I've seen a counsellor a couple of times. She's been very wise and very helpful, but both times I was still trying to process the shock. I can see that a bit further down the line it will be helpful to see her again to try and make some sense of this. At the start I was convinced we should see someone together but now I wonder whether there's any point as I know exactly what he will say.

He has said sorry for the manner of departure but maintains there is no good way to leave a marriage and that the timing of this was right. He claims to feel sorry for what he's done and for hurting me, but his manner rather undermines that. He does miss the children - I can see that - and I know he adores them, but says he was so unhappy that life away from them is preferable to life with me and them.

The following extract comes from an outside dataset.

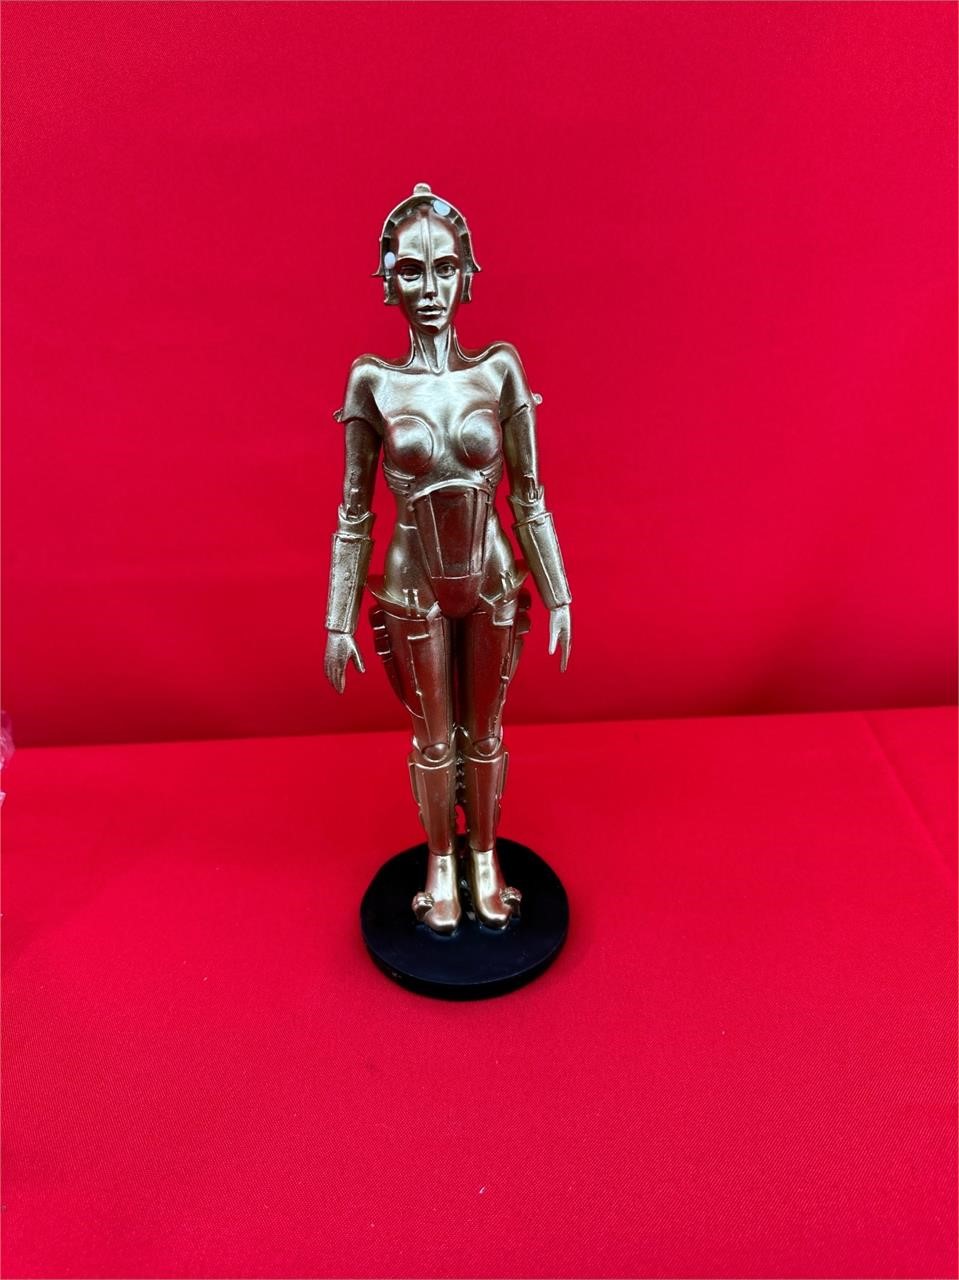 Metropolis Maria Robot Figurine

I think he was unhappy at the end because he let himself get that way. I know I'm not a bad person and I was very happy. I have spent a long long time analysing the last few years, and they were good ones. At the very very worst, we didn't talk as much as we could have done and were a bit distracted by life. But his point, over and over, is we had nothing in common. Which is total rubbish - he had some deep and all consuming interests that I didn't share but which I accommodated and allowed him to pursue, and which I displayed an interest in. She, of course, shares those interests but frankly I don't think two people in a marriage have to align their interests entirely. Surely healthier not to?

Interestingly when he talks about it it's always in terms of push factors - away from me - rather than a pull - to her - even though he claims to be very happy with her and to want to spend his life with her. I can't make him see that his unhappiness, at least in part, was because he wanted to be with her. He has separated the two things entirely and says he would have gone anyway.

I would genuinely love an objective perspective from someone. I'm not getting it from him, and everyone else is outraged on my behalf but I feel I do need to try and get to the bottom of this. I'm just not sure how.

OP posts:
Gonesouth · 15/09/2010 07:35

He really has done quite a job on you and seems to believe his own spin on the situation. That may not change in the near future as he has invested so much in his own view of the world being right.

He's quite self-absorbed at the moment so you are probably banging your head off a brick wall trying to make sense of what he has done. He has to believe what he is saying otherwise the tide of views from everyone else opposing him will make him look stupid. At the moment he has no reason to climb down. He feels he has a right to persue his own happiness - despite the fact that he can see the cost of that. Indeed, he feels justified in his actions. Shock

As for interests, when my DH and I got together, we only had about two artists in our (rather large) music collections which were the same. It still amuses me that we have such different tastes and interests. We've been together many years and we still have, on the surface, little in common.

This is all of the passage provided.